Staff Response: The source term and modeling of radionuclide transport, retention, and release, including cesium (Cs) and iodine (I) radioisotopes that support the MHA analysis is consistent with the approved mechanistic source term (MST) topical report (TR), KP-TR-012-NP-A, KP-FHR Mechanistic Source Term Methodology (ML22136A288).

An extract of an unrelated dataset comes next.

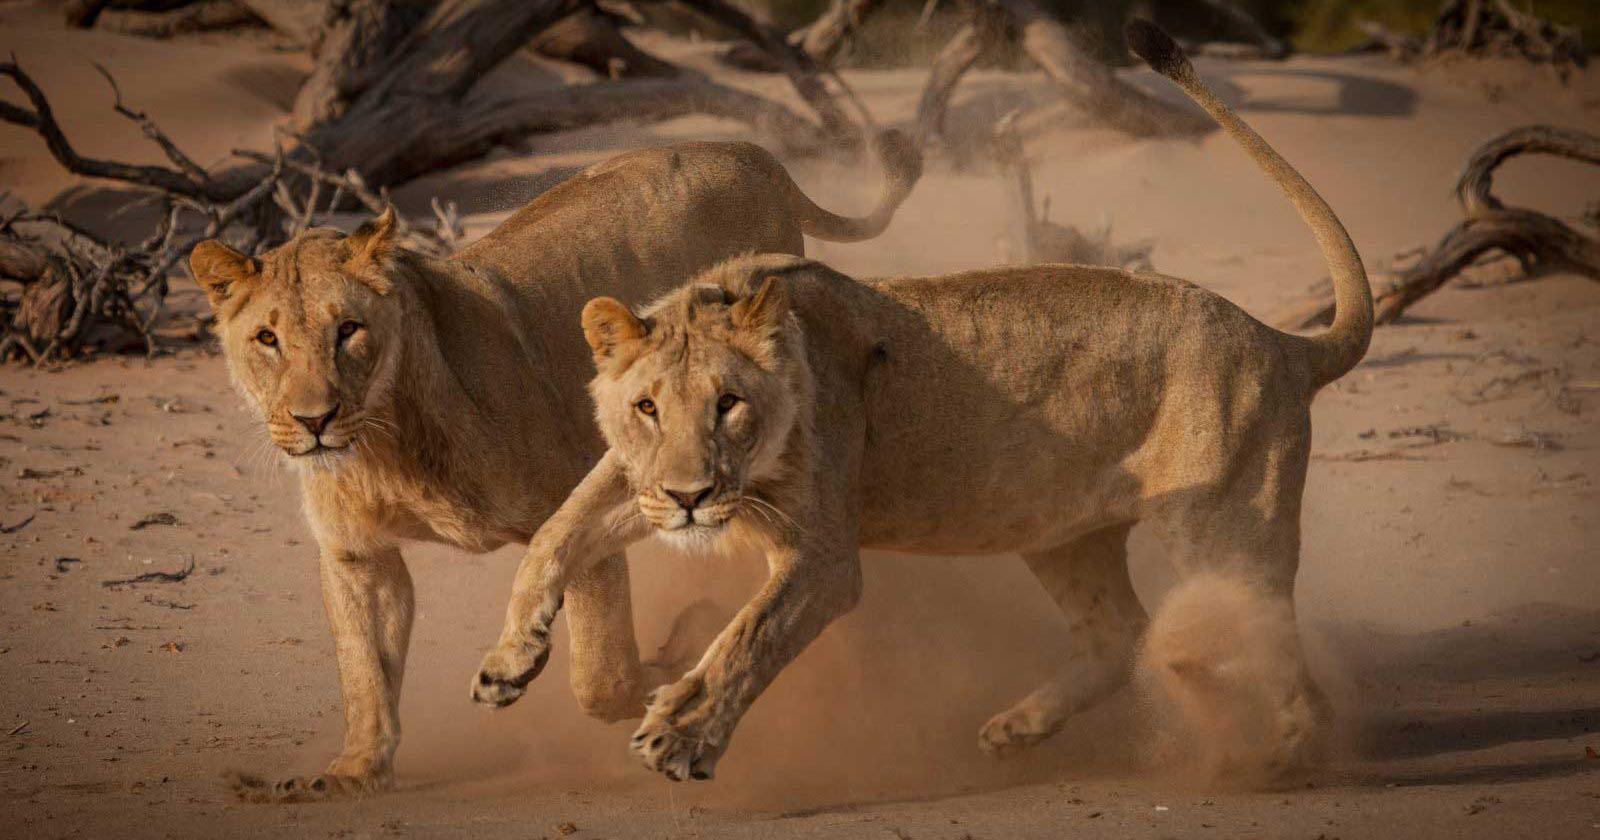 Leones adaptados al desierto de Namibia, en Africa.

The following summarizes how Cs and I are accounted for in the in the MHA analysis. PSAR section 13.1.1.3 and 13.2.1, Transient Assumptions and Maximum Hypothetical Accident, respectively, describe the overall Hermes system as a set of sources of radionuclide material at risk for release (MAR), identifies the succession of barriers to release, and applies a release fraction for each barrier that contains the MAR. The sources of MAR and associated barriers are listed in PSAR section 13.2.1.1, Methodology and Inputs; the pertinent sources for Cs and I radioisotopes are the TRISO fuel in the reactor core and the Flibe circulating activity. The applicant developed an integral release fraction for each barrier on a radionuclide class or isotopic basis, based on transport and retention phenomena such as diffusion or evaporation driven by temperature. These transport and retention phenomena are described in more detail in the PSAR and the MST TR. Cs and I are in separate radionuclide transport groups for each barrier, but each Cs or I radioisotope is accounted for as it moves from the fuel into the Flibe, then from the Flibe into the gas space, then into the environment.

Releases from the fuel are modeled for fuel with manufacturing defects, heavy metal contamination, in-service failure, and diffusive releases from intact TRISO particles. Diffusion from the fuel kernel and through TRISO layers is modeled by fuel radionuclide transport group, with the element members of that group assumed to be released at the same release fraction as the representative element for that class. Cs diffusivity information is representative for Cs isotopes, while Krypton (Kr) diffusivity information is representative for I isotopes. The release from the fuel is modeled as a set of release fractions for a fuel radionuclide transport group inventory, over time intervals. Fuel is not uncovered for the MHA conditions; therefore, the releases from the fuel are only into the Flibe.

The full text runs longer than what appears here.